If pictures appear in the lines below, skip them and copy exactly the lines from the one containing "Exportación e importación" through the one containing "graf kurzu bitcoinu květen 2017", and nothing else.

### RECORDS SUPPLIED:
━━━━━━
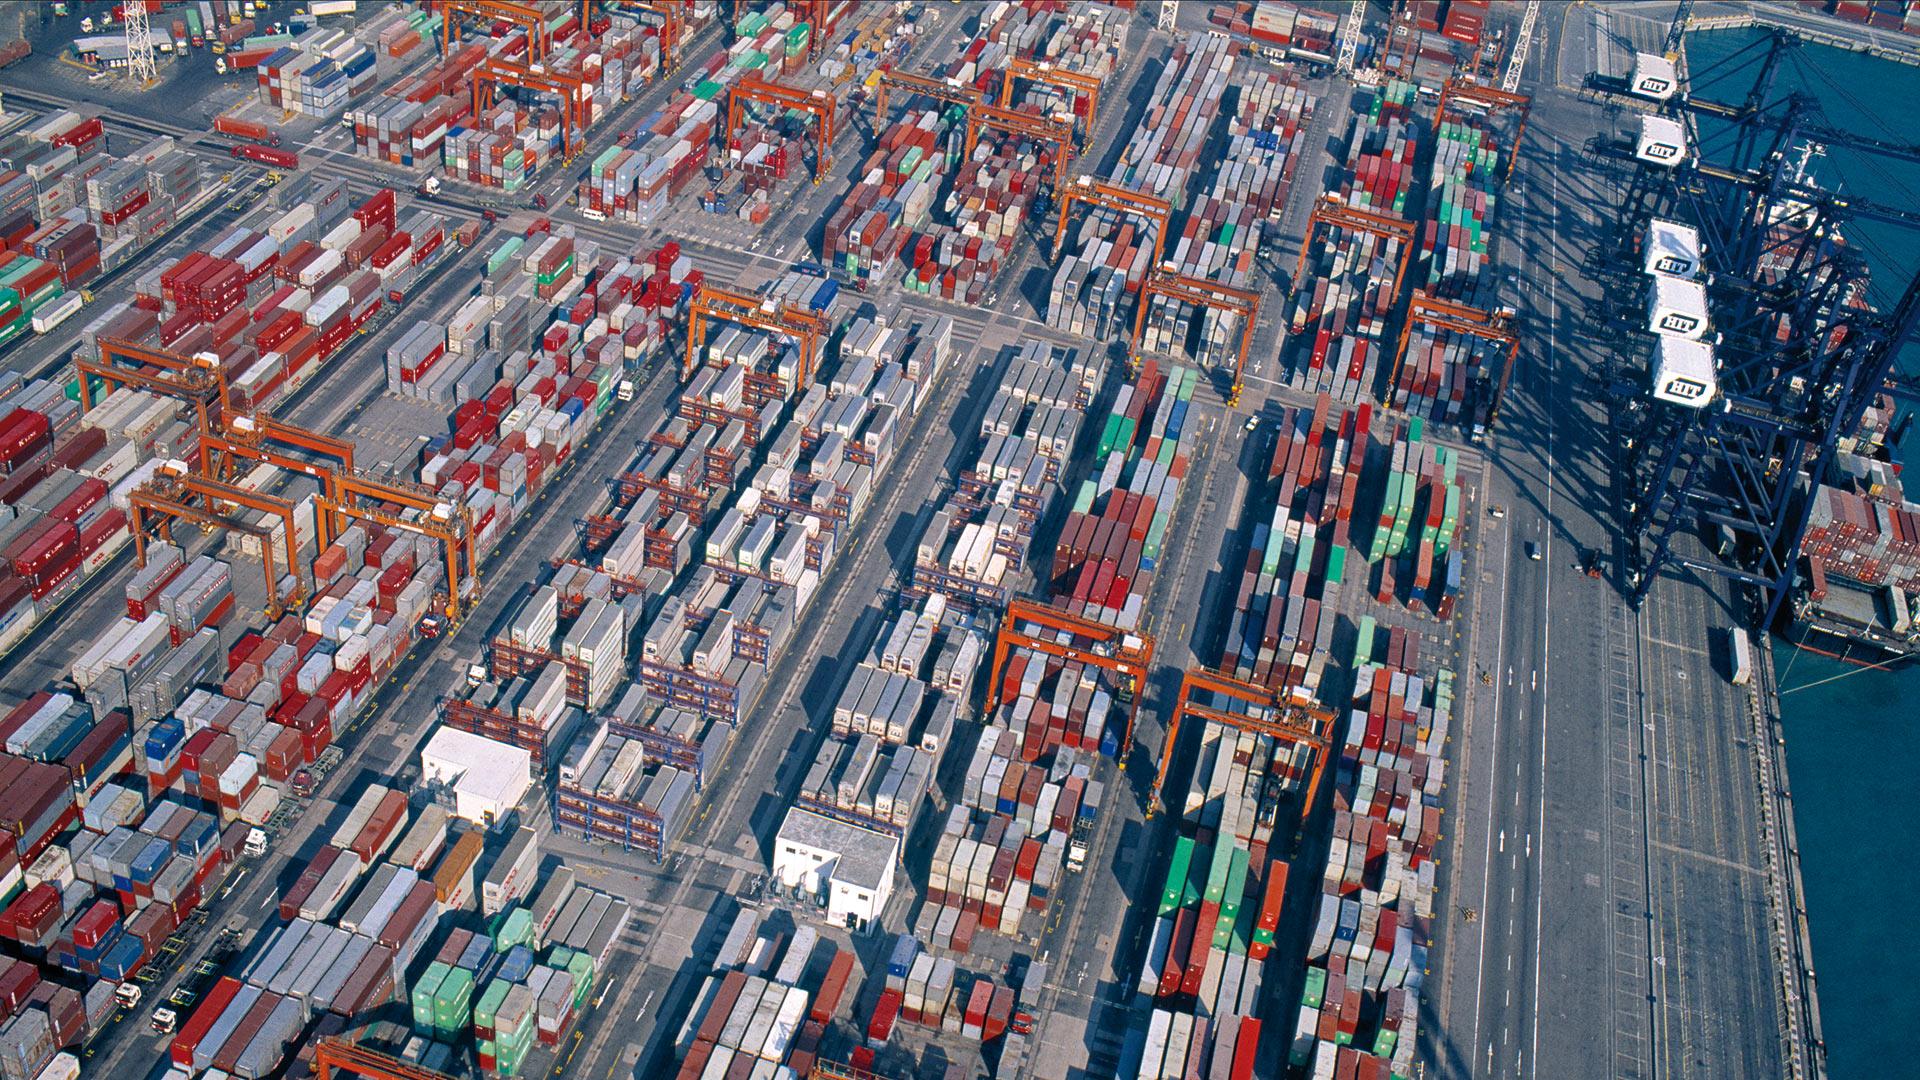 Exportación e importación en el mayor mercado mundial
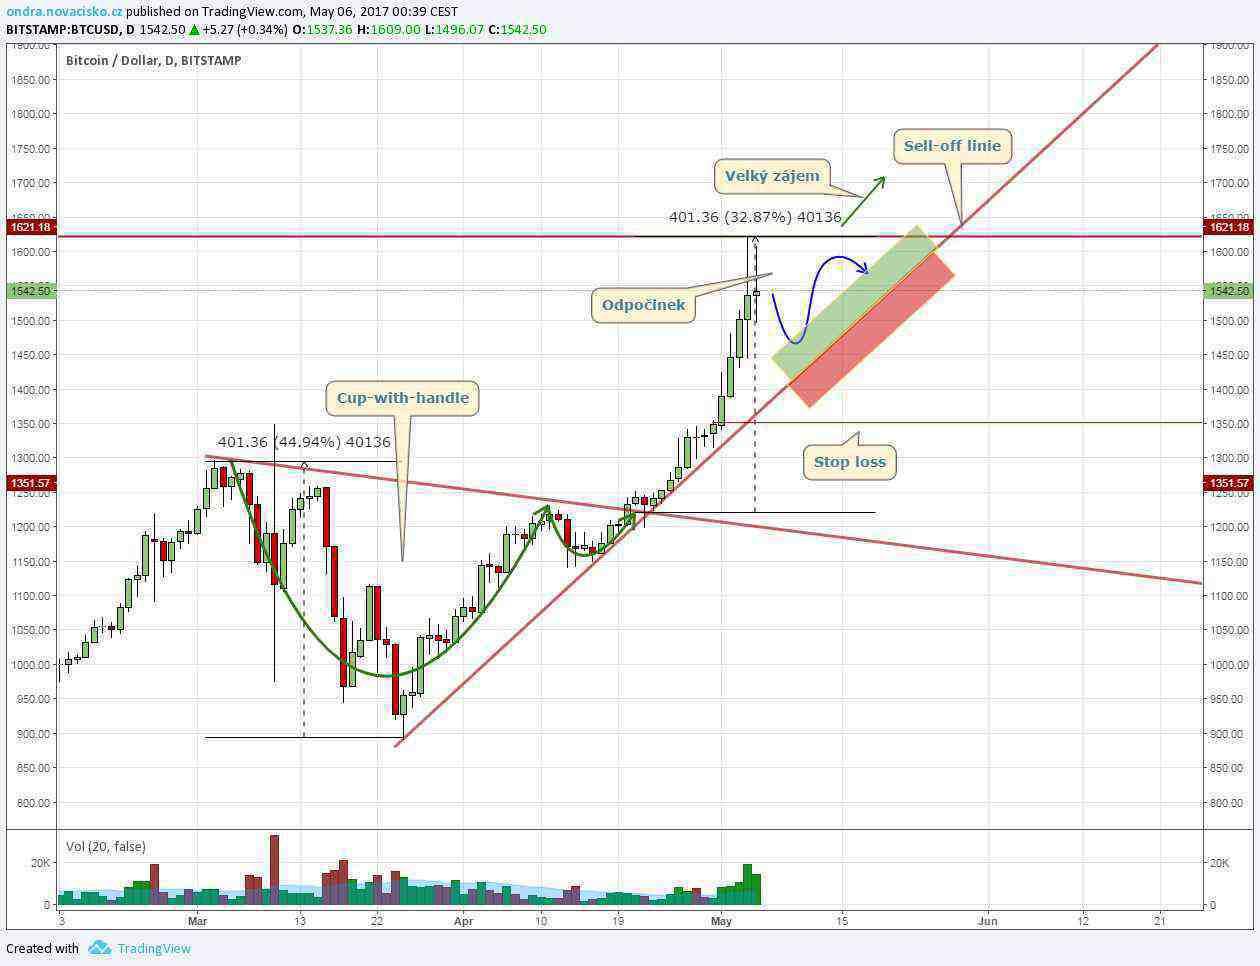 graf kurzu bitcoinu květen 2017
━━━━━━
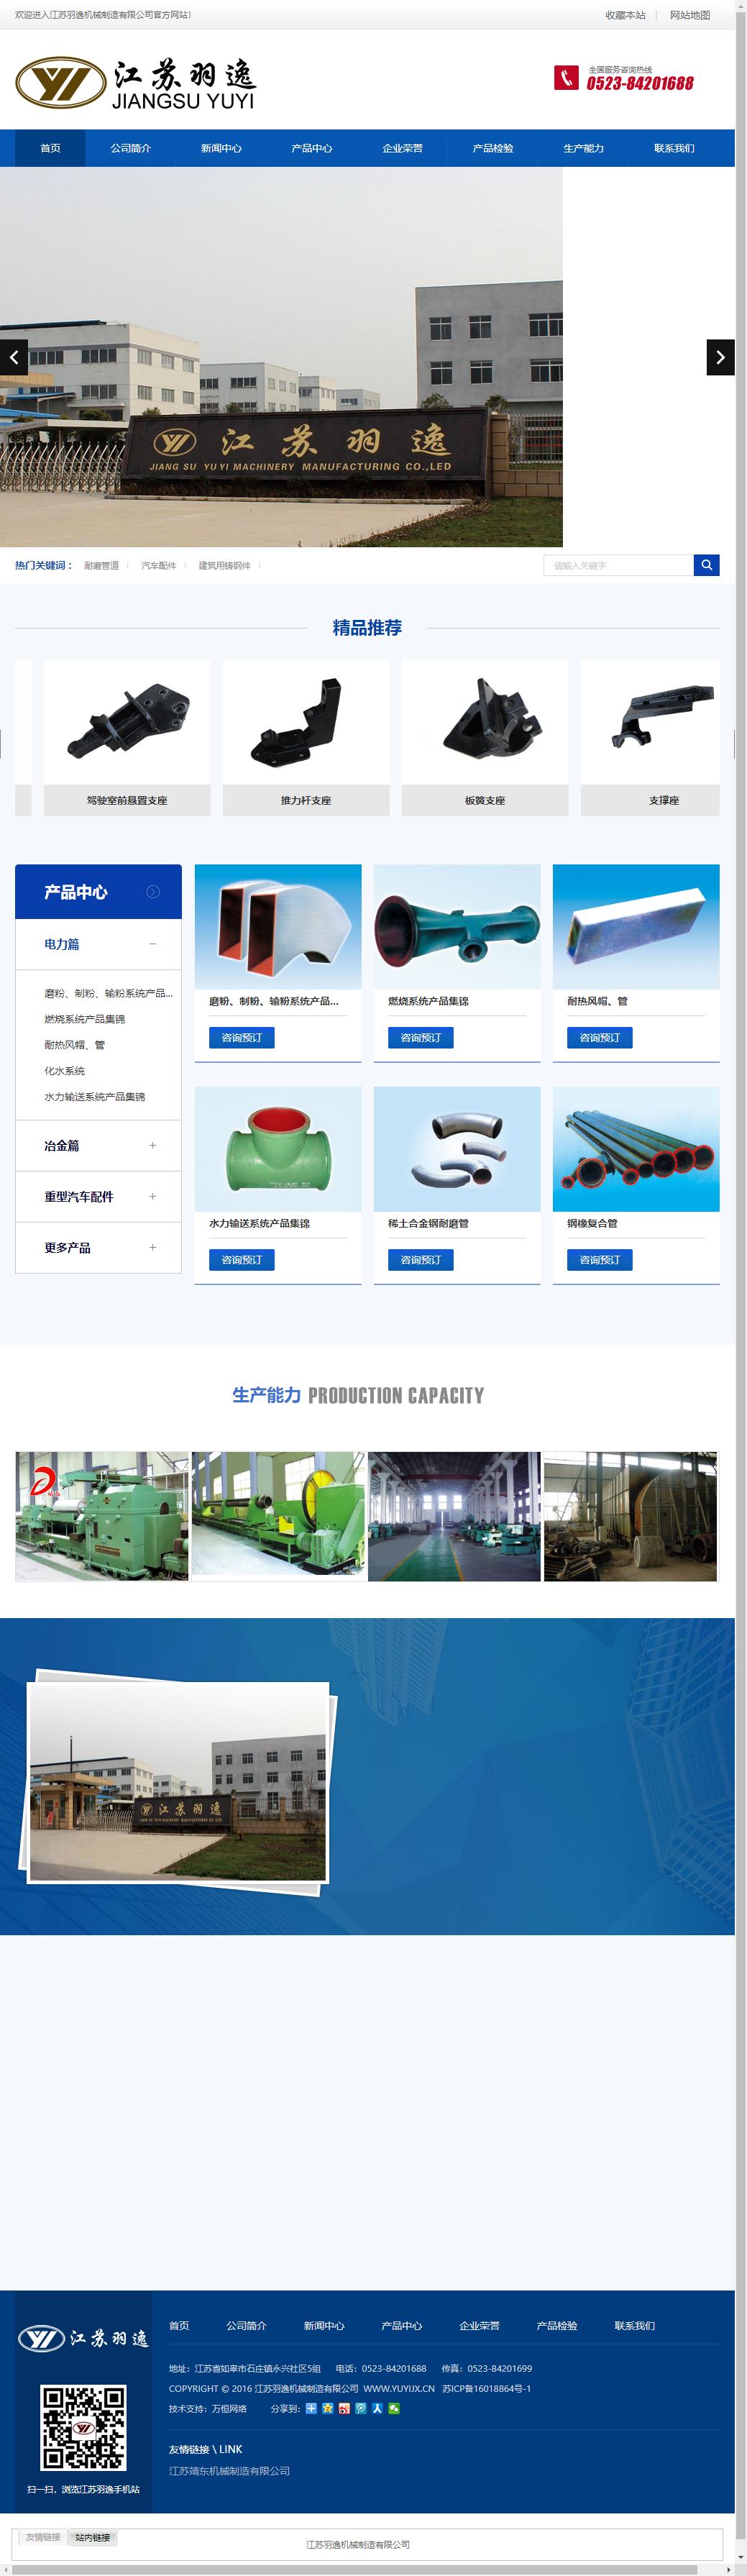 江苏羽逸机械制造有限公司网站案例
━━━━━━
### ANSWER:
 Exportación e importación en el mayor mercado mundial
 graf kurzu bitcoinu květen 2017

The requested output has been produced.